Сыщик осторожно отвернул от стены большое зеркало, отошел чуть в сторону, после чего поднял повыше стакан и приветливо улыбнулся собственному отражению:
— Твое здоровье, приятель! — громко сказал он.
Со стороны это выглядело совершенно по-идиотски, и если бы его сейчас увидел, скажем тот же Лугальбанда, вместо суда Ницан отправился бы завтра в психиатрическую лечебницу.
Все при том же храме Анат-Яху.
Отражение, разумеется, повторило его жест, но в то же время родная небритая физиономия обрела озадаченное выражение. Правда, оно продержалось какую-то долю секунды. Ницан поднес стакан к губам, сделал несколько глотков. Стакан опустел мгновенно: разумеется, девек не упустил возможности присосаться к дармовой выпивке. Ницан поощрительно улыбнулся в зеркало и отсалютовал пустым стаканом: дескать, молодчина, валяй дальше.
— Послушай, красавчик, — сказал он. — У меня к тебе есть деловое предложение. Во-первых, я обещаю регулярно делиться с тобой всей выпивкой.
Мышцы лица тотчас дернулись. Ницан с трудом удержался, чтобы не открыть рот от удивления — именно такое выражение появилось у его отражения, то бишь у живущего в зеркале девека. Похоже, зеркальному демону ни разу не предлагали ничего подобного. Он даже забыл управлять мимикой своего ви-за-ви. Озадаченная физиономия отражения теперь куда меньше походила на оригинал.

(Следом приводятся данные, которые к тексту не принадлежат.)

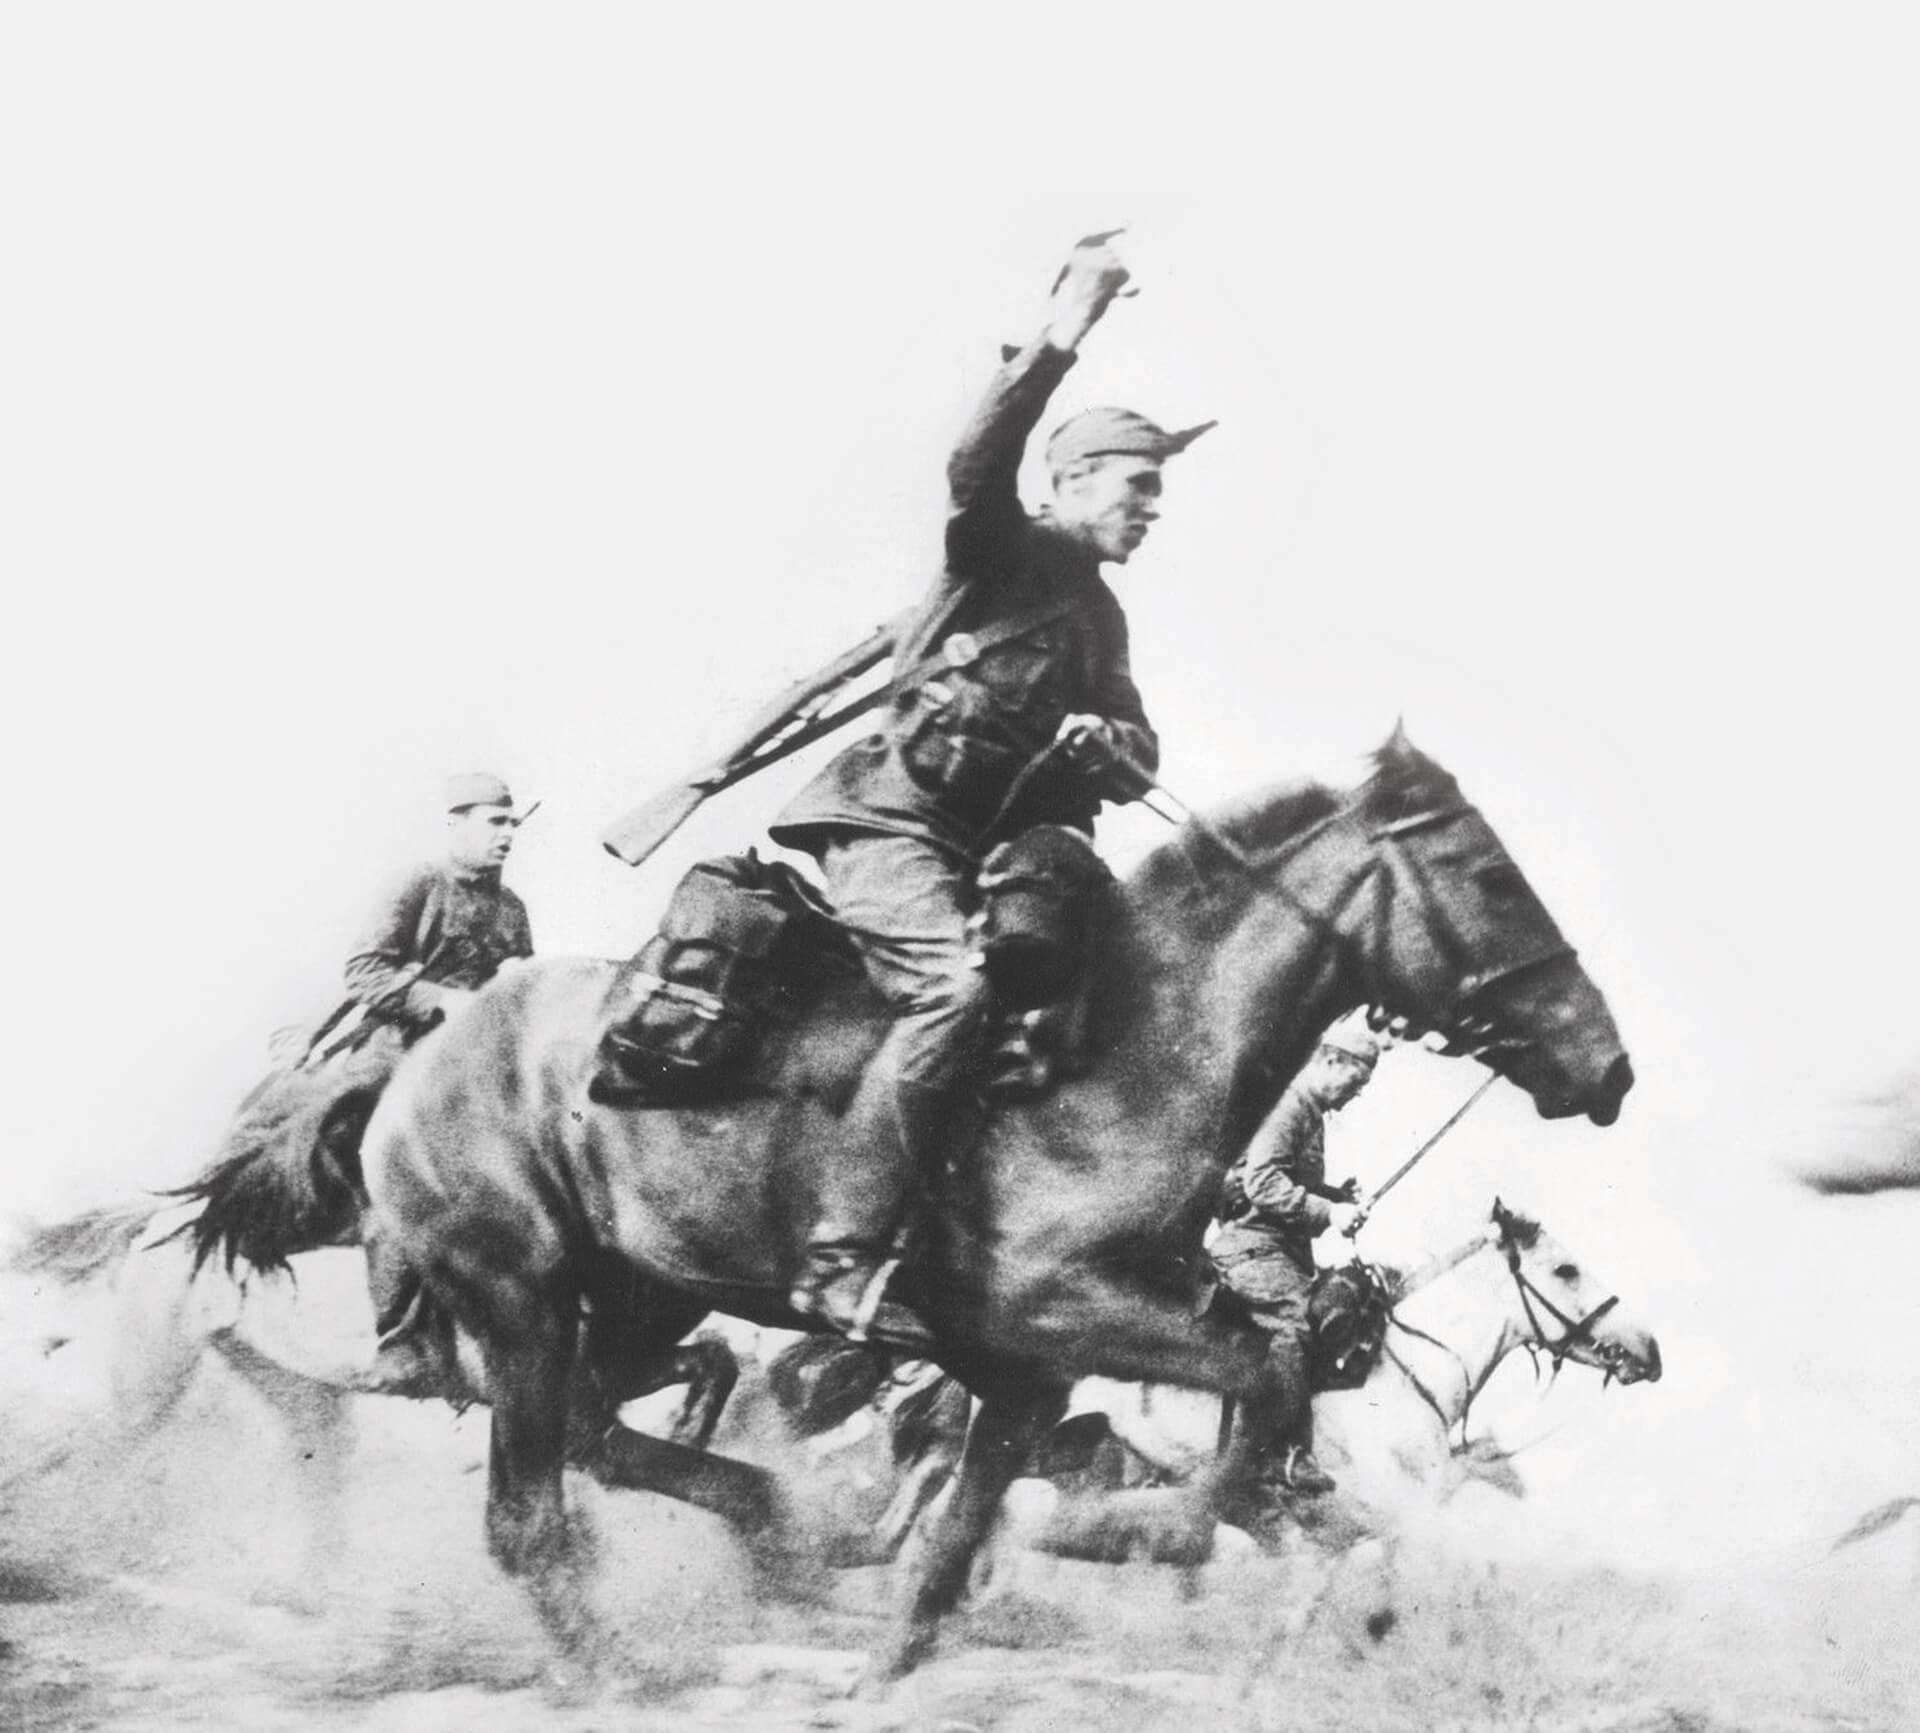 caballería Ejército Rojo

Ницан поторопился воспользоваться успехом:
— Мало того: я не буду завешивать зеркало, не буду его отворачивать к стенке, так что ты сможешь проделывать свои штучки со всеми моими гостями… В разумных пределах, — осторожно добавил сыщик, вспомнив, что шуточки девека отнюдь не безобидны, и способны вести до серьезного — правда, не смертельного — эмоционального истощения. — Но для этого я прошу тебя о помощи… — сыщик показал девеку зеркальце Нурсаг. — Не можешь ли ты какое-то время провести вот тут? В этом зеркале? По-моему, рамочка очень симпатичная…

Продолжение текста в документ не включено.